##### PROVIDED MATERIAL
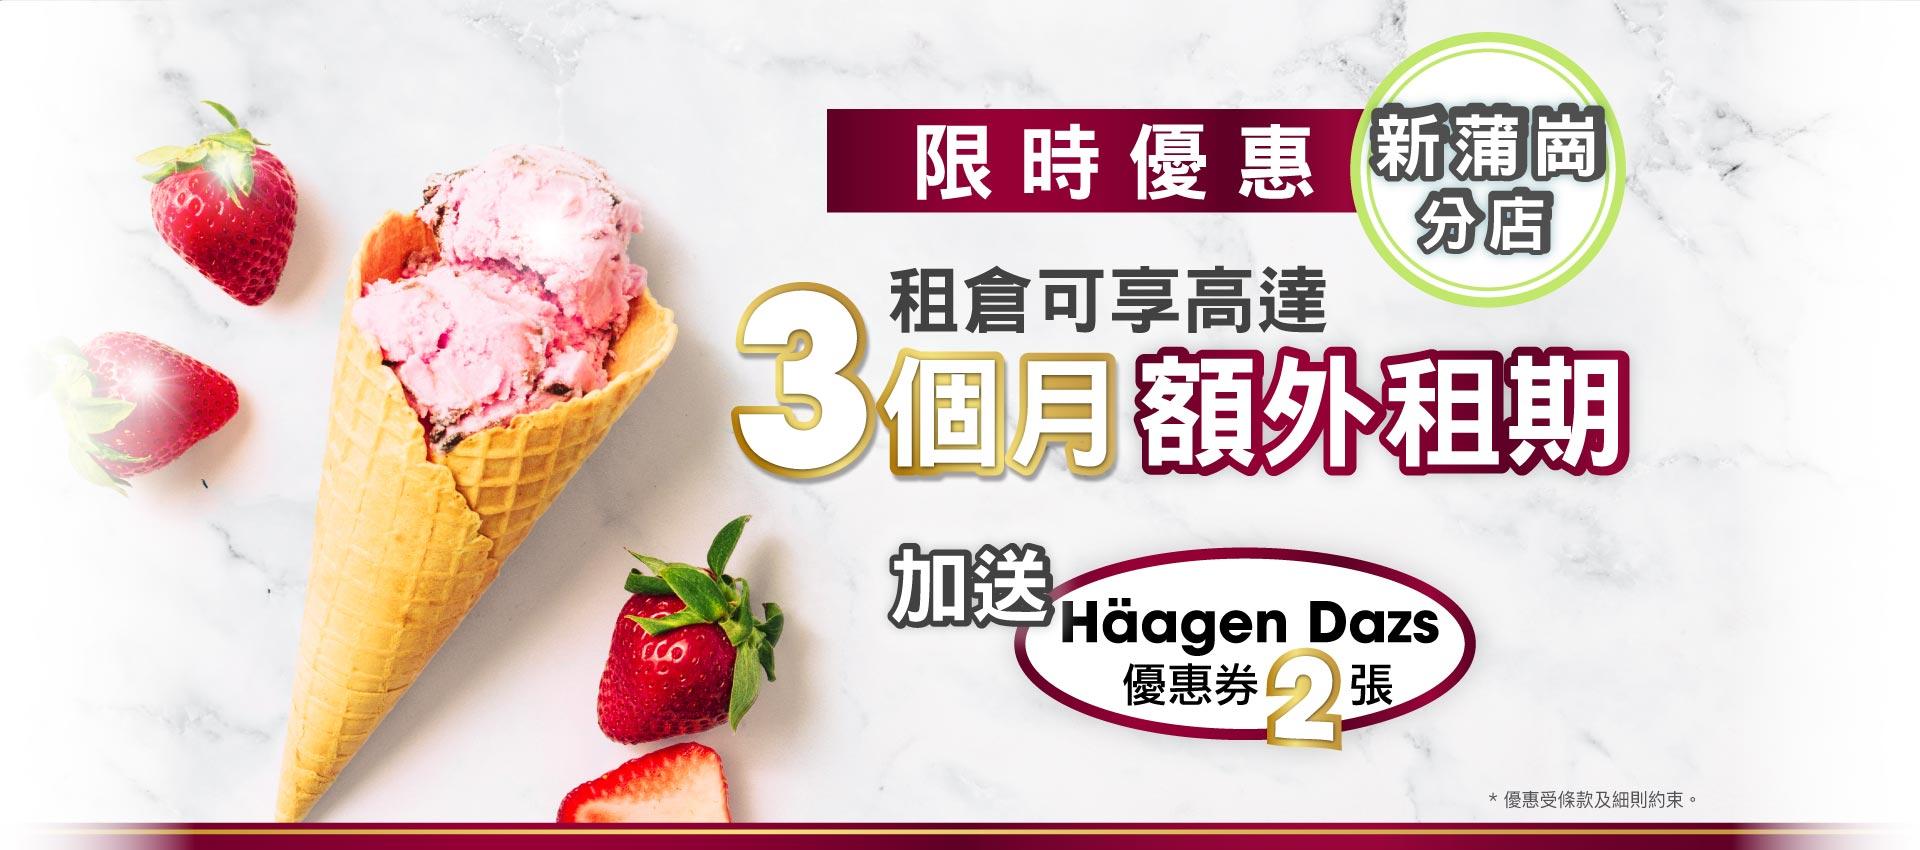 新蒲崗分店限時優惠:租倉可享高達3個月額外租期+Häagen Dazs優惠券2張
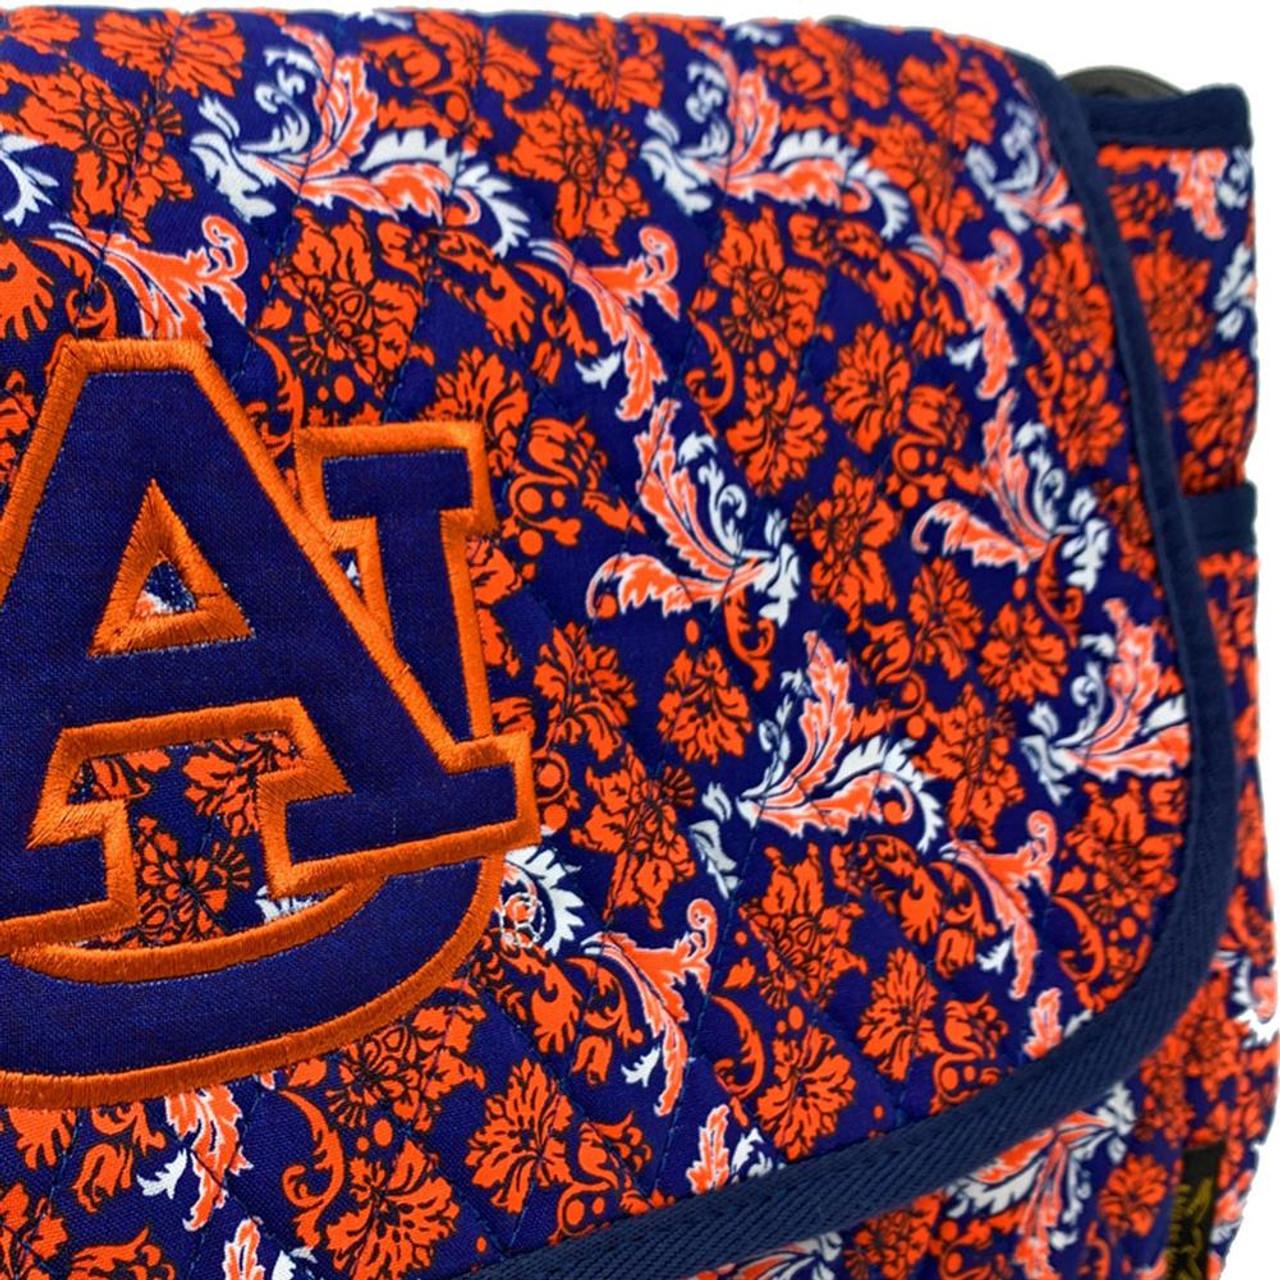 Clemson University Tigers Messenger Bag Quilted Bloom Shoulder Tote
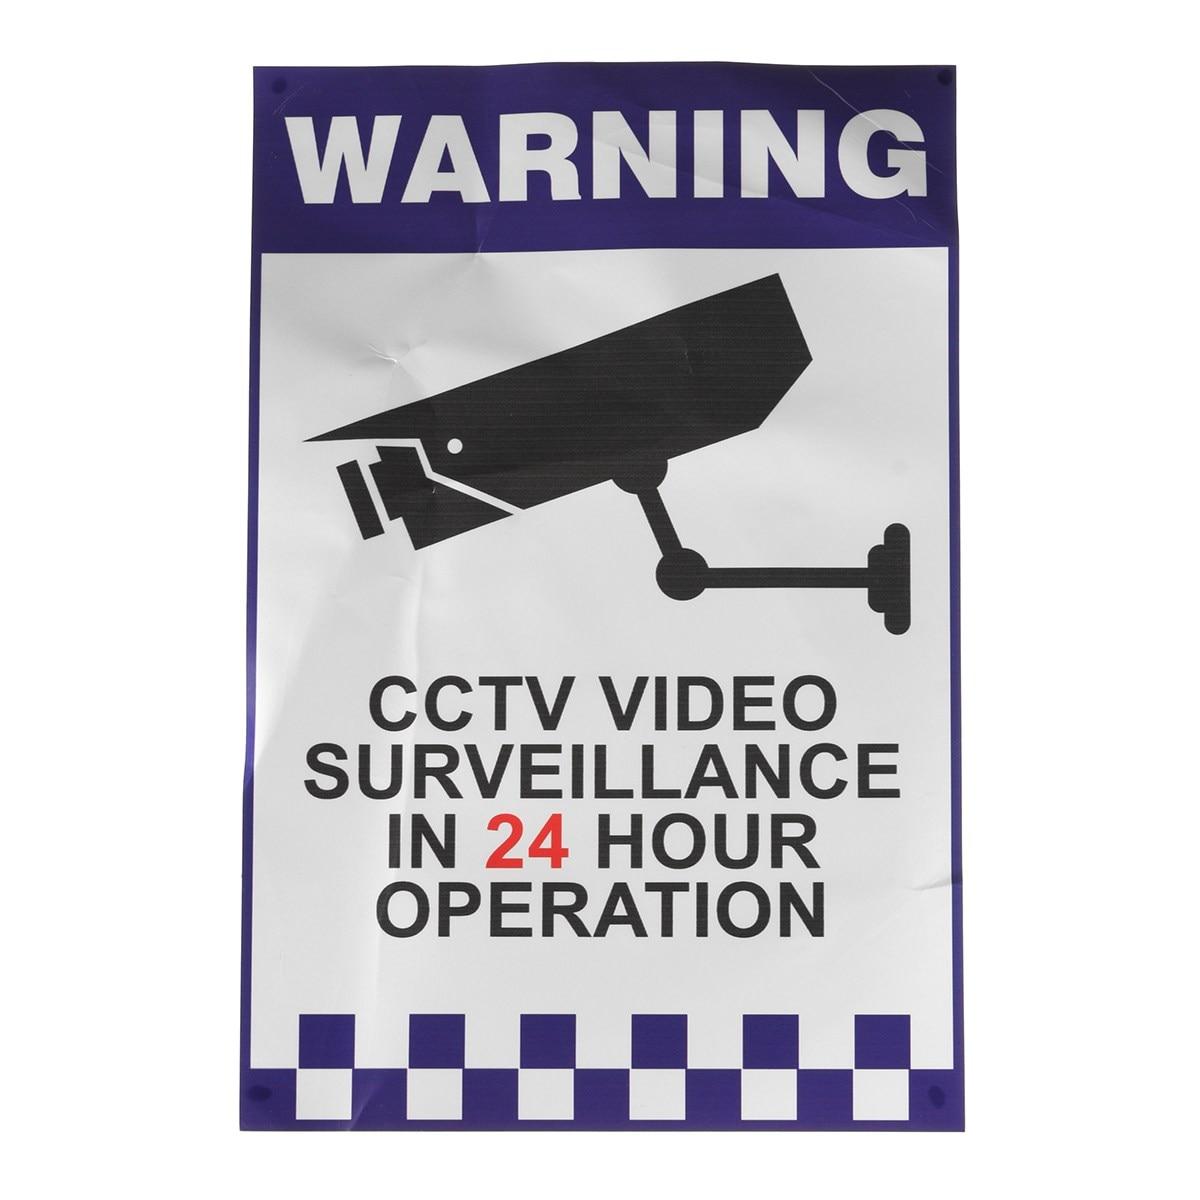 Safurance Предупреждение видеонаблюдения Стикеры Камера жесткой Пластик знак 200x300 мм дома Детская безопасность
##########
## EXERCISE DESCRIPTION:
Leave out the pictures, then return every line of the data exactly.

## OUTPUT:
 新蒲崗分店限時優惠:租倉可享高達3個月額外租期+Häagen Dazs優惠券2張
 Clemson University Tigers Messenger Bag Quilted Bloom Shoulder Tote
 Safurance Предупреждение видеонаблюдения Стикеры Камера жесткой Пластик знак 200x300 мм дома Детская безопасность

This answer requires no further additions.